Two Questions about “The Test Score Hypothesis”

Posted by on Feb 21, 2012 in Research, Teaching, Uncategorized | No Comments

My 11.125 students read education articles each week and discuss current events for about 15 minutes. It’s a lot of time to commit to the endeavor, but I think it’s a great way, in a survey class, to let students explore their interests and to learn more about the various issues and challenges in education.

This week we read a blog post, “The Test Score Hypothesis” commenting on the Chetty et al study concerning value added scores, test scores, and life outcomes such as income and teenage pregnancy. The thrust of the blog post is that Chetty’s study is one of the most important studies to draw a link between standardized test scores and life outcomes– that is, teachers who are good at boosting test scores are also good at boosting life outcomes. It is a powerful (perhaps not conclusive) piece of evidence that we can identify teachers who help students have a better life by identifying teachers who help students score better on tests.

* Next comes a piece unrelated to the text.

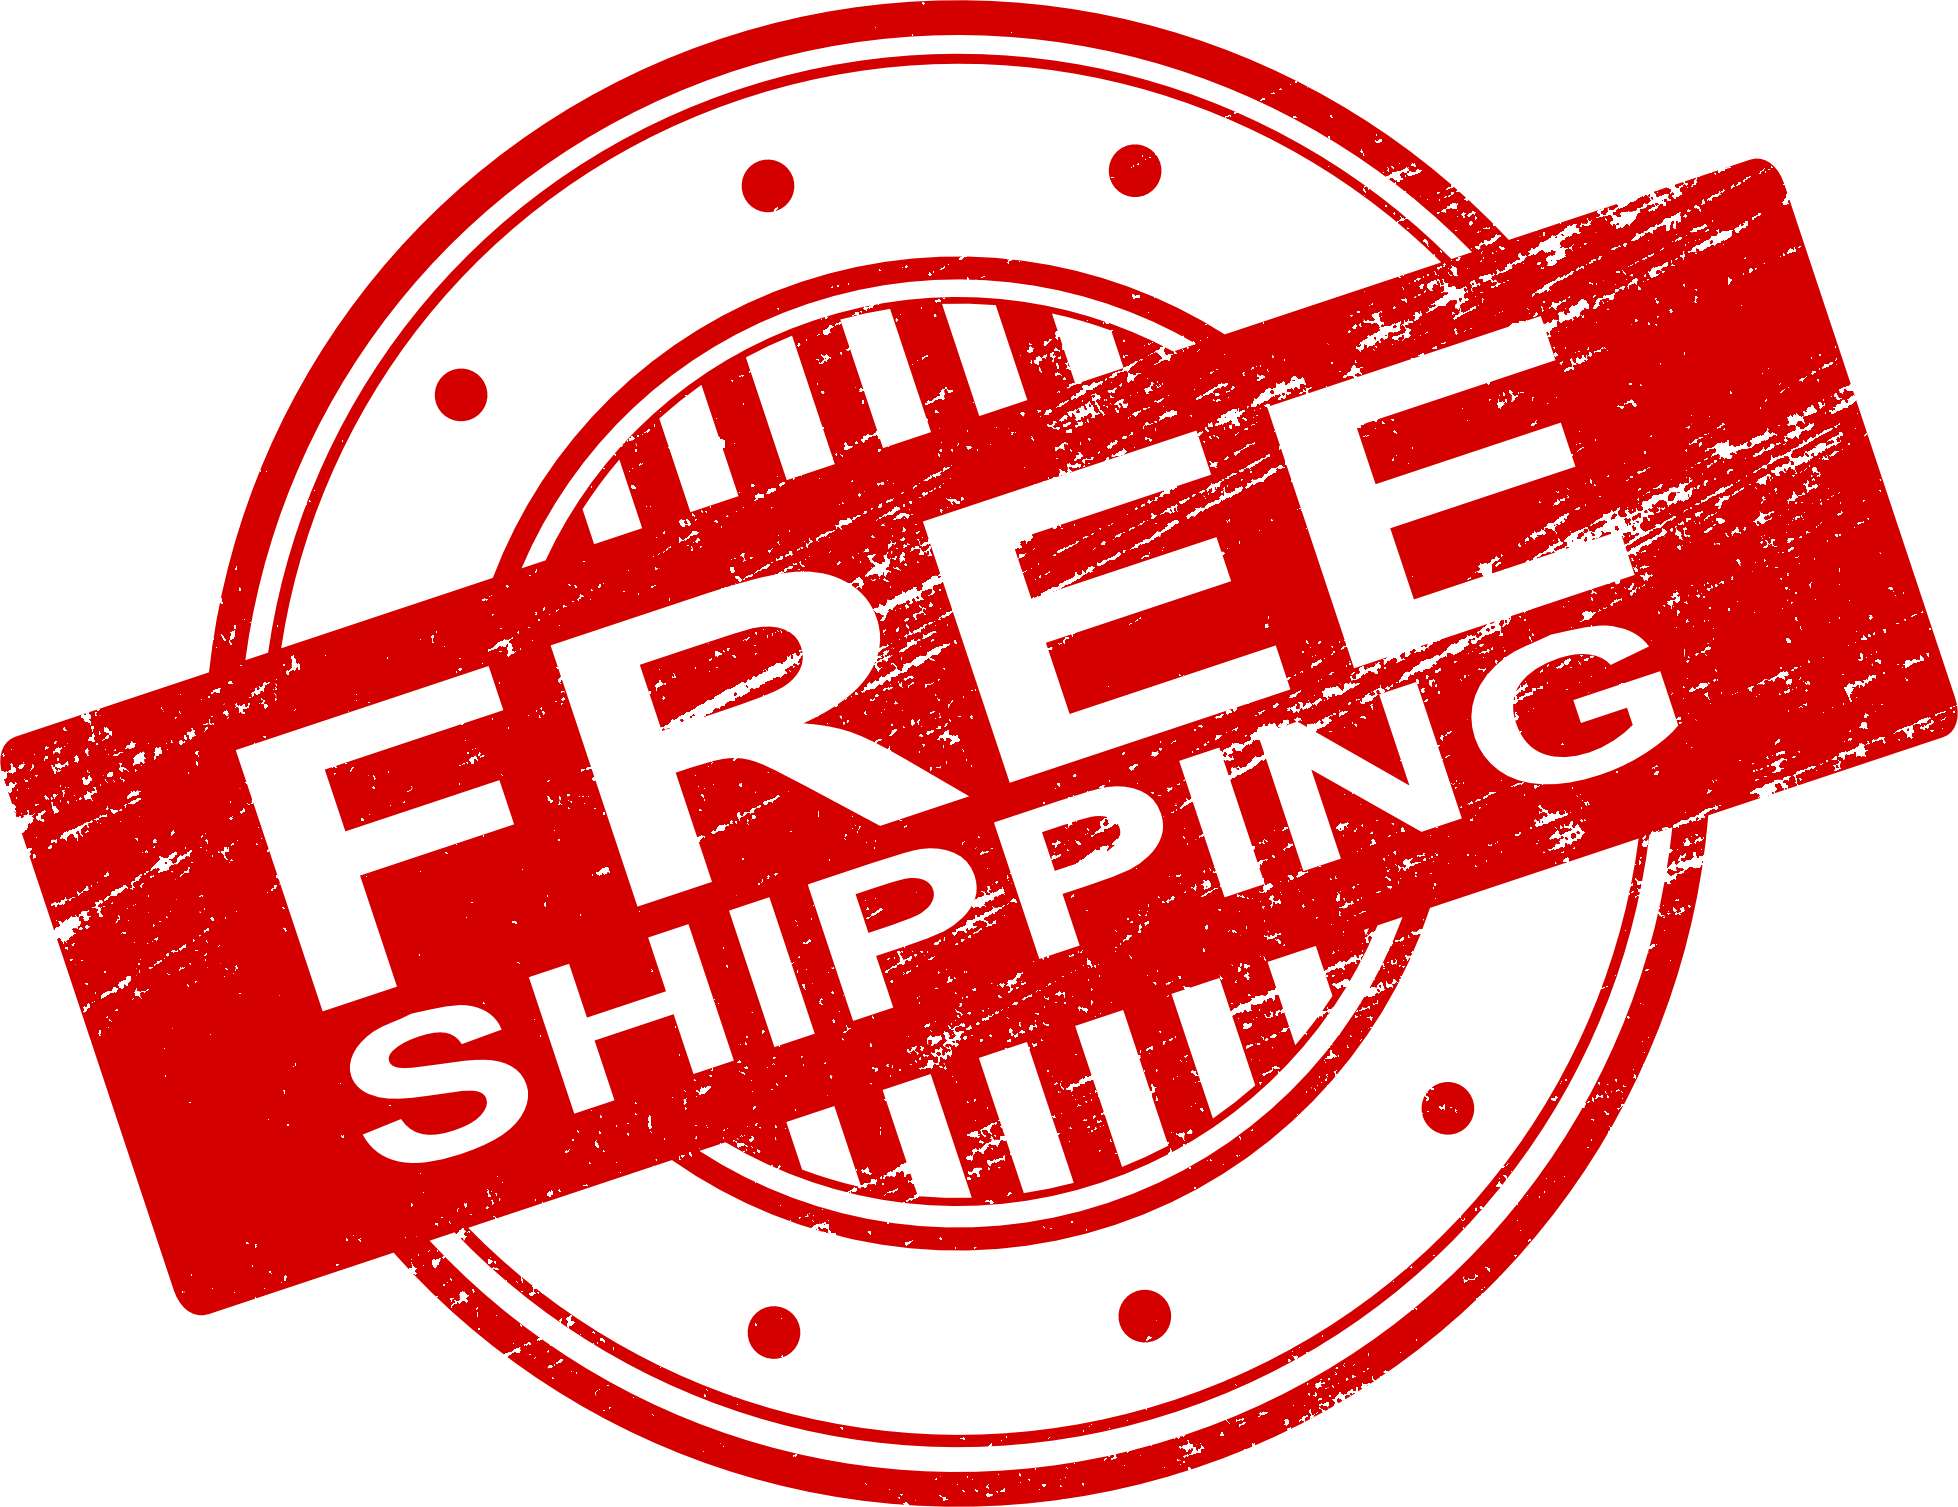 Free Shipping Png - Free Download (Free Shipping Stamp 3.png), Transparent background PNG HD thumbnail

One of my very students in class asked two questions which I thought were quite good skeptical questions, and I thought I’d share my responses.

First, she asked “Aren’t they potentially confusing correlation with causation here?”

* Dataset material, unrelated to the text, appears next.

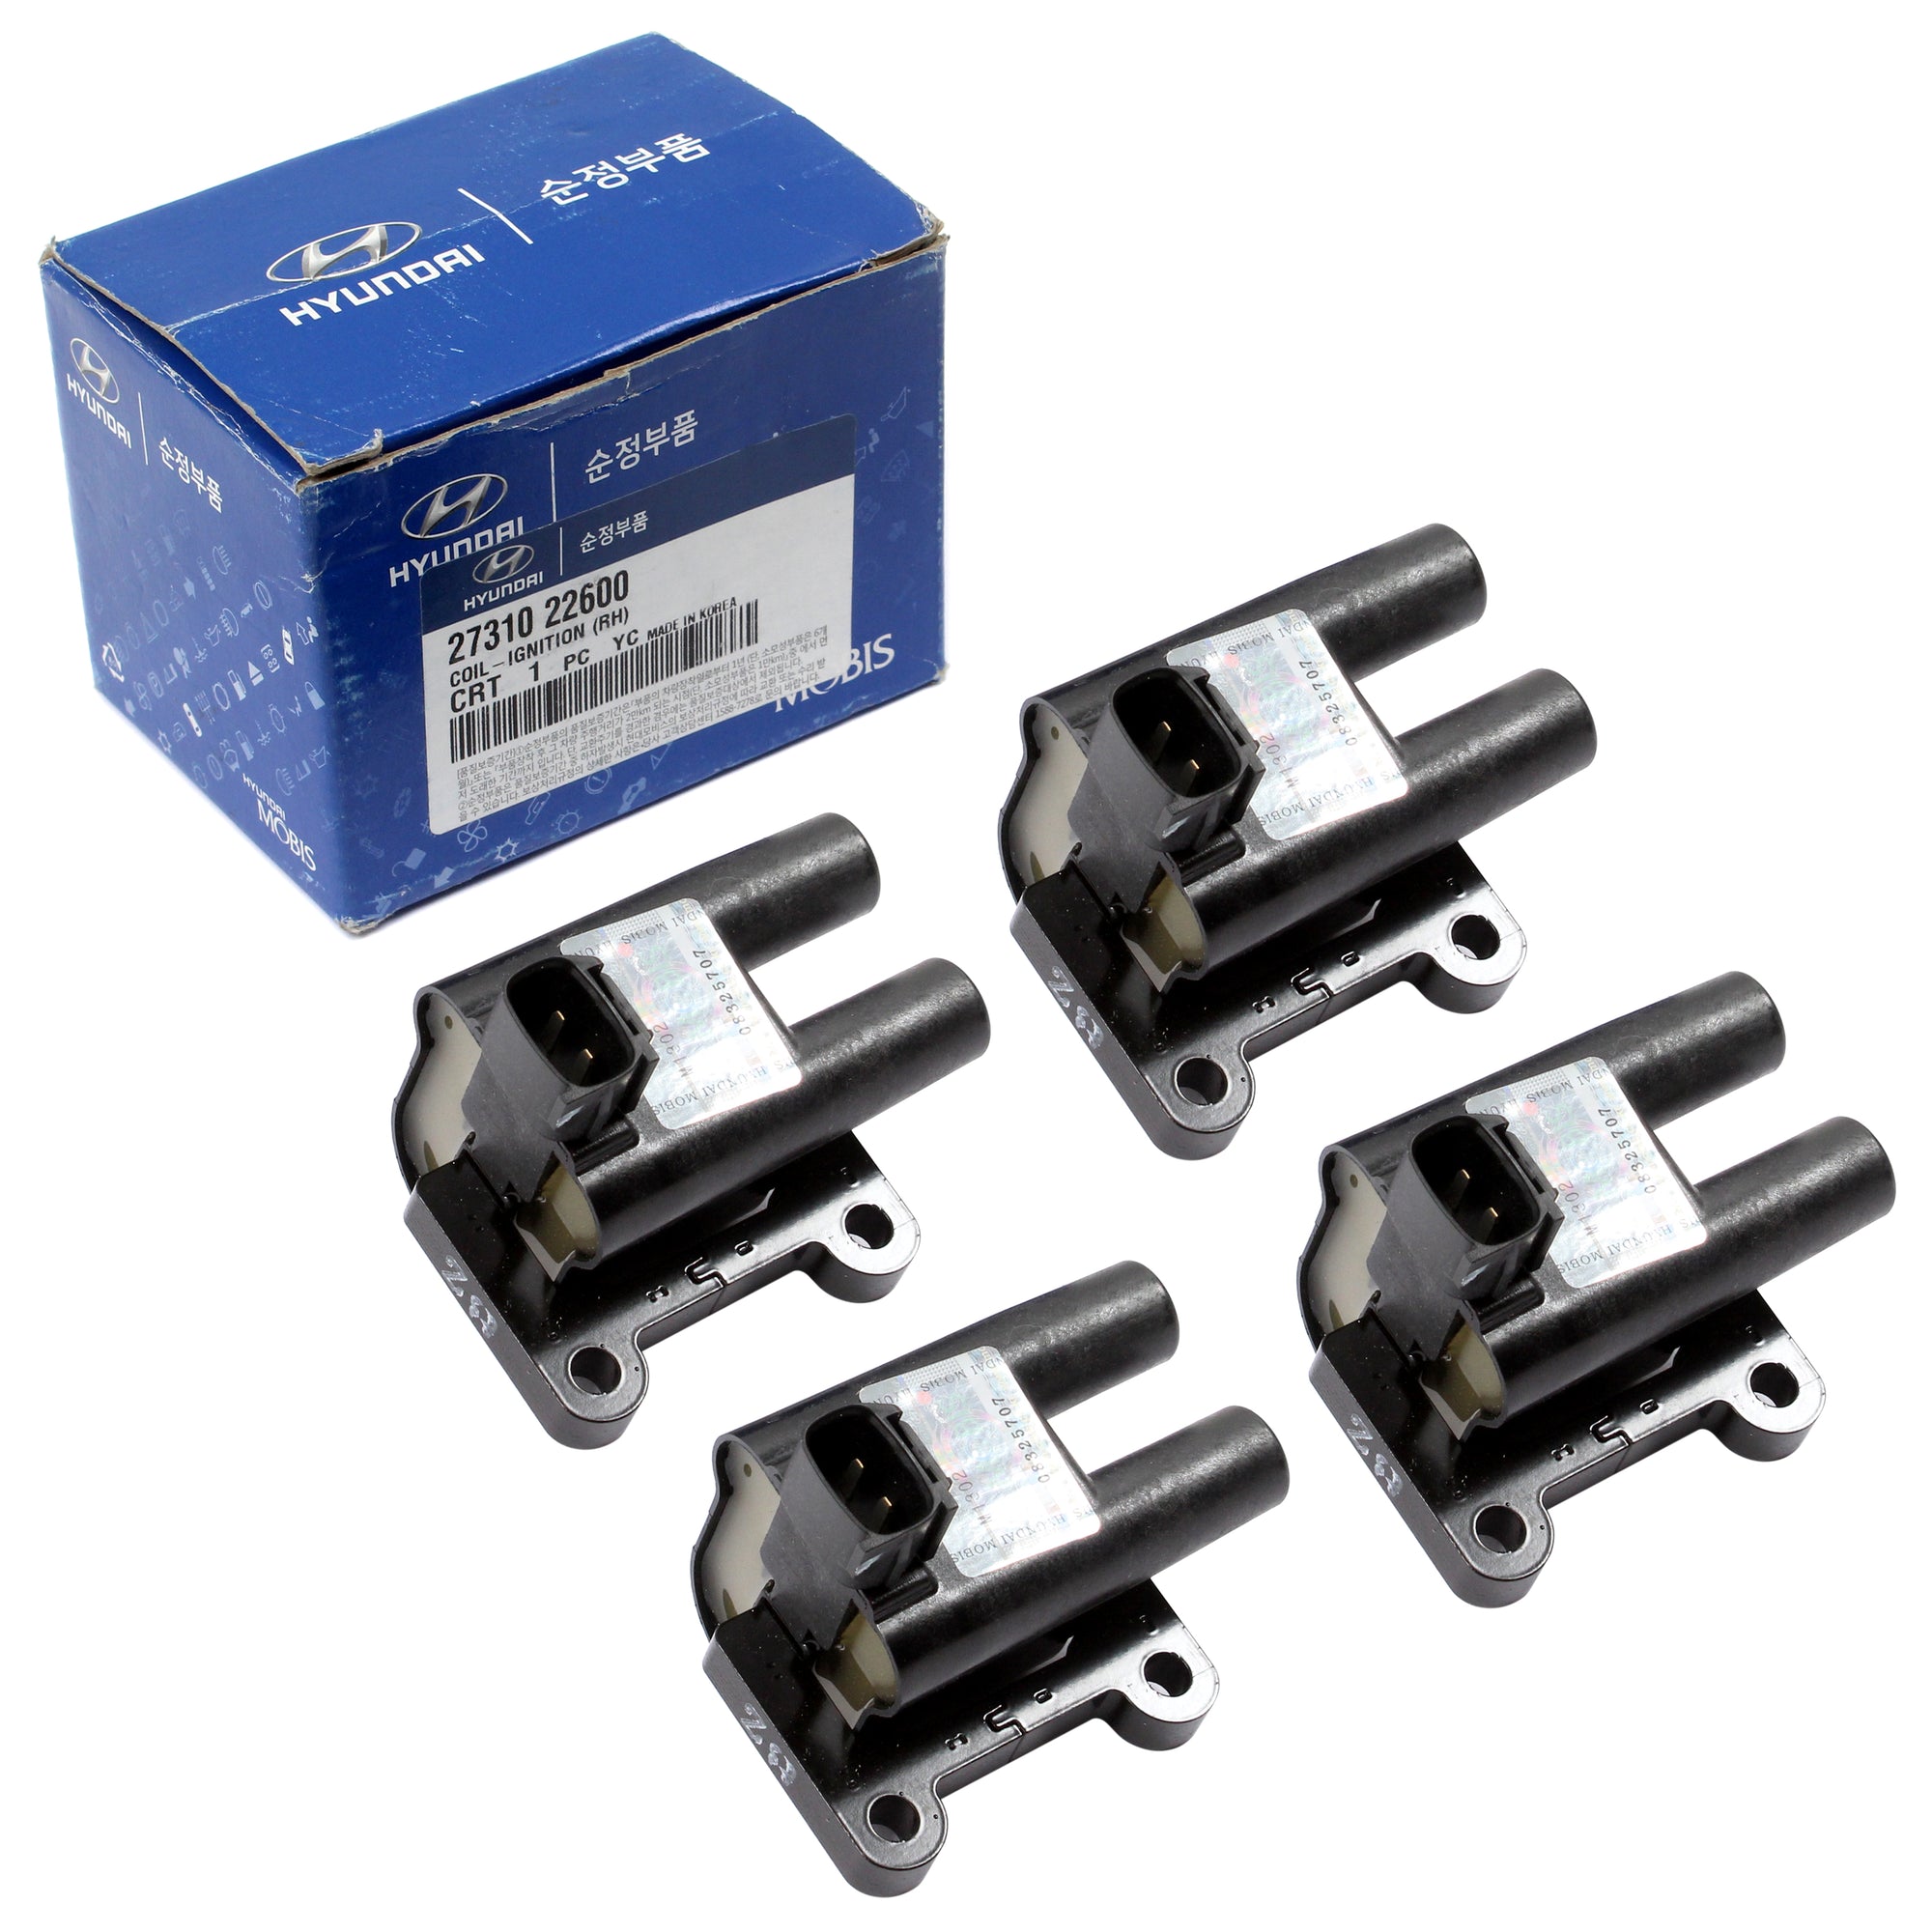 GENUINE 00-02 For Hyundai Accent 1.5 SOHC Ignition Coil OEM 27310-22600 SET OF 4

The answer to that is: “No. They have a method which they claim allows them to make causal assertions. Basically, they assert that the particular years in which teachers enter and leave a position are randomly determined, and therefore, you can leverage teacher mobility to make causal claims.” Now, you might come up with all kinds of reasons to assert that this isn’t actually random (if you have a bone to pick with the reform crowd, I recommend pointing out that they made a big deal in Waiting For Superman about how teacher mobility is, in part, a function of poor performance, the dance of the lemons or whatever it was called). Personally, I do think there’s some good random in there. ┬áBut they are not confused. Wrong maybe, but not confused.

Second, she asked “How much effect do teachers have anyways? I mean, don’t kids from successful parents go to successful schools and so on?” This is an astute observation, and indeed, socioeconomic status remains a powerful predictor of student performance. But teachers can have a powerful impact on any group of students, and Chetty’s models do account for this by controlling for school effects and controlling for SES. So even though wealthy and poor kids start at different places, on average, every year, we can still see how much teachers can push kids towards further achievement.

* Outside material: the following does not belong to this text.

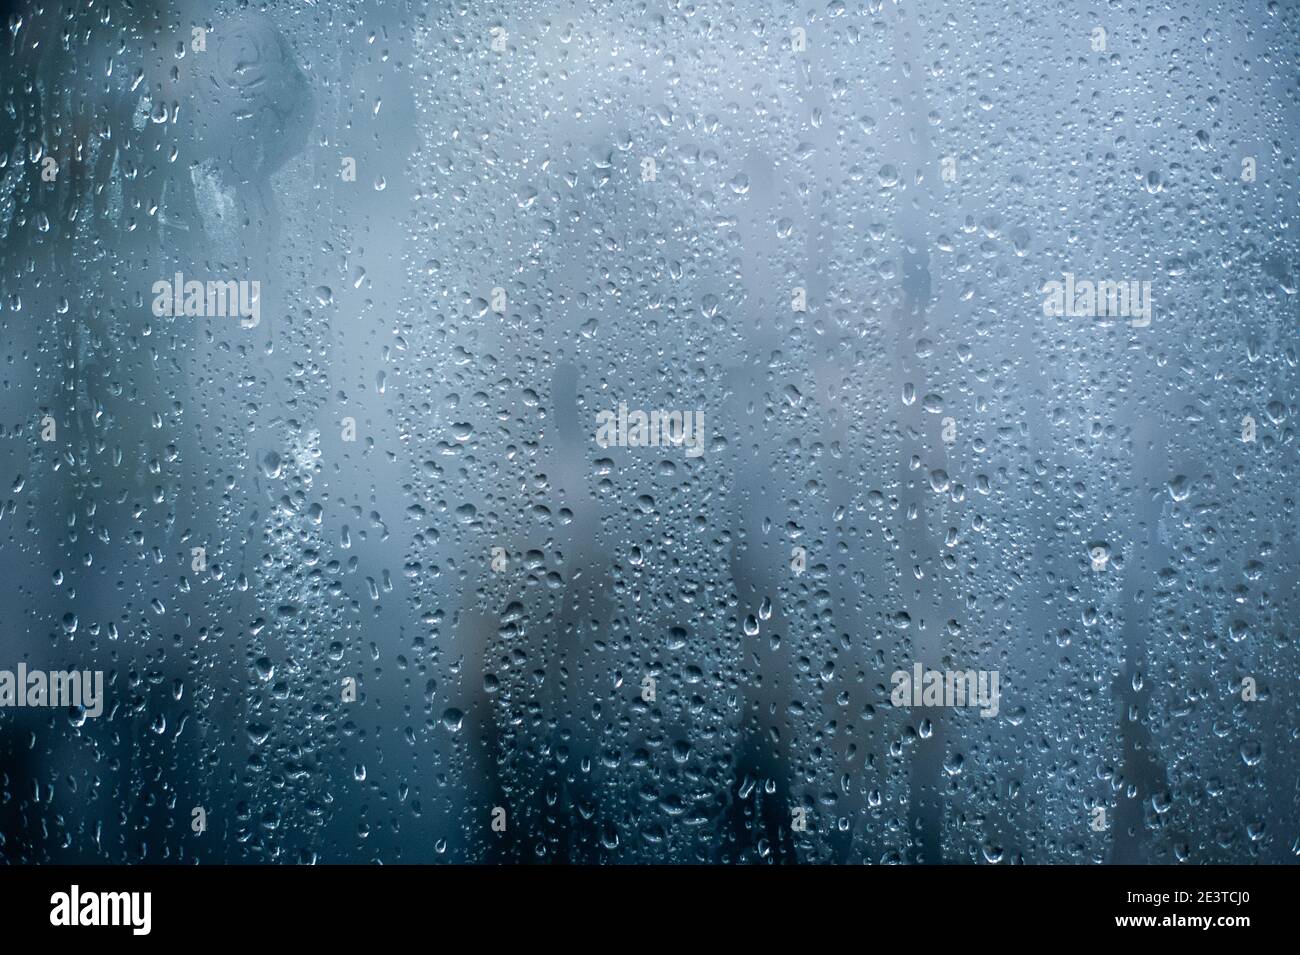 Rainy background, rain water drops on the window or in shower stall, autumn season backdrop, abstract textured wallpaper Stock Photo

I think there are a methodological critiques you can hurl at Chetty and his co-authors, but on the whole, I’m pretty impressed both with how thoroughly they engage challenges brought up in the prior literature and how forthright they are in places where there are limitations in their approach.

To me, the big looming issue over Chetty is Campbell’s Law– that measures become less useful when society incentivizes those measures. In other words, Chetty’s study takes place in a low-stakes world, will it still hold up in a high-stakes testing culture? Will test scores still be a good way to identify good teachers when we have all of them focus, increasingly exclusively, on test scores.